Saved data entries
-=-=-
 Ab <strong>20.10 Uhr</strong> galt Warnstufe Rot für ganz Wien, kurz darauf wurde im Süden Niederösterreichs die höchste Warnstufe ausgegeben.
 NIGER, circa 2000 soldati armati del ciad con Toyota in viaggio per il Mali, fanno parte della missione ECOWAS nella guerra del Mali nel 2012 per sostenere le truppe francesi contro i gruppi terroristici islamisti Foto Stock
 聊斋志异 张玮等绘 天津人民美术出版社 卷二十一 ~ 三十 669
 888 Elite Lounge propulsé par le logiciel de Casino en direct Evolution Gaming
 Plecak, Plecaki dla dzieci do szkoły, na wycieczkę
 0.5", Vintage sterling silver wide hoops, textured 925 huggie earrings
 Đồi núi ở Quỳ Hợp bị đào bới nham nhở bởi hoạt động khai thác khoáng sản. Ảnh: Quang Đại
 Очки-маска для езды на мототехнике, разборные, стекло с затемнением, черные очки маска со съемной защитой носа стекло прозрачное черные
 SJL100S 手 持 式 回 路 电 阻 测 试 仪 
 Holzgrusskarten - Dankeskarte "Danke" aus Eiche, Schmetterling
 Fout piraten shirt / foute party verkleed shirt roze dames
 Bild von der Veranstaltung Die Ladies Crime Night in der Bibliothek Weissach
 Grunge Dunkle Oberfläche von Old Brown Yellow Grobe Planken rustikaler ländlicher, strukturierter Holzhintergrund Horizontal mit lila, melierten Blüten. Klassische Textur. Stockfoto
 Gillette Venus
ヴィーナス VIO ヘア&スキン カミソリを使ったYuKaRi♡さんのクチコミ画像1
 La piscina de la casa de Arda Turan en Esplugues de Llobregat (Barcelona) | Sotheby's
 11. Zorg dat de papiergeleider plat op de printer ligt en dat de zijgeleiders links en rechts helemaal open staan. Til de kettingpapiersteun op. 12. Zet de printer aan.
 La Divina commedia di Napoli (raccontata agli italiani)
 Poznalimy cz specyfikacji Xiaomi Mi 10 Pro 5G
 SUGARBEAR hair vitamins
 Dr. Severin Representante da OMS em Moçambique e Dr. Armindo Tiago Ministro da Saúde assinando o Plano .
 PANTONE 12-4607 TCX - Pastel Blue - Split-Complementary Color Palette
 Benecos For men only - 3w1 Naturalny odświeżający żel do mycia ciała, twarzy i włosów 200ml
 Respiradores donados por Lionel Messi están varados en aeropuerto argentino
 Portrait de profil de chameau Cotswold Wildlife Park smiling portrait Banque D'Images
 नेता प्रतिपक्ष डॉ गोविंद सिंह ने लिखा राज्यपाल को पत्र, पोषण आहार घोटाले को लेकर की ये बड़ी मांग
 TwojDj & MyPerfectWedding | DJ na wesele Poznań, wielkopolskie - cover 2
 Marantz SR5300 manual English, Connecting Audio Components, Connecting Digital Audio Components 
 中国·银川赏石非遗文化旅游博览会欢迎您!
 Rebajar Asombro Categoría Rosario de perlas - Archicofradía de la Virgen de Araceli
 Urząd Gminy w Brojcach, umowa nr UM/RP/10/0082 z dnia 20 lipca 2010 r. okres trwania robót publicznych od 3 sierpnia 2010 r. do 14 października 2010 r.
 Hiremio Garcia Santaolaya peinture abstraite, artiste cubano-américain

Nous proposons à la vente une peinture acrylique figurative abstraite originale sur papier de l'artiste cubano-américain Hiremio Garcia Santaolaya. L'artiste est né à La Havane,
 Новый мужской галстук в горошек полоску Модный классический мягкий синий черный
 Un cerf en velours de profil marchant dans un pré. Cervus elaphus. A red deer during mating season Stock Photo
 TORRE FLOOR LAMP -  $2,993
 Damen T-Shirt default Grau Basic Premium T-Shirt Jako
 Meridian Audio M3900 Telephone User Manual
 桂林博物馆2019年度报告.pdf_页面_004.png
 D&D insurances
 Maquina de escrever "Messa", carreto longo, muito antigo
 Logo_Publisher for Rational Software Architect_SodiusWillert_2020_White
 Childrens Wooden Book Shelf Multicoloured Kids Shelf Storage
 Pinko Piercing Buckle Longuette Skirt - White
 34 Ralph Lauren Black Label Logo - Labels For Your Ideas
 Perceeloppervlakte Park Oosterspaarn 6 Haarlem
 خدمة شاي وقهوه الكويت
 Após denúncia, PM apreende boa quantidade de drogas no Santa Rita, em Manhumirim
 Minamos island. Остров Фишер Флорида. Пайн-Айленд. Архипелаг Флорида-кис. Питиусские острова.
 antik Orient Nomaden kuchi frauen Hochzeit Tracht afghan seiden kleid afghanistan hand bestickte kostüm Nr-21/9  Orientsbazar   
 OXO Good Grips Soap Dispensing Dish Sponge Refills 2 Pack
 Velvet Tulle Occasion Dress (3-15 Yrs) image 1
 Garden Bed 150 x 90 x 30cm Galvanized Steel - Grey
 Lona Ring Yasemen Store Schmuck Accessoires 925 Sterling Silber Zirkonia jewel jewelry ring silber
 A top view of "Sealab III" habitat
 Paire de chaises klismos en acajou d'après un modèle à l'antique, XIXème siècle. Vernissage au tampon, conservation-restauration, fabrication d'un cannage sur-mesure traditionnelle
-=-=-
**WHAT THE TASK REQUIRES:**
Please return a copy of each line in the entries that has the string "Audio".

**TASK OUTPUT:**
 Marantz SR5300 manual English, Connecting Audio Components, Connecting Digital Audio Components 
 Meridian Audio M3900 Telephone User Manual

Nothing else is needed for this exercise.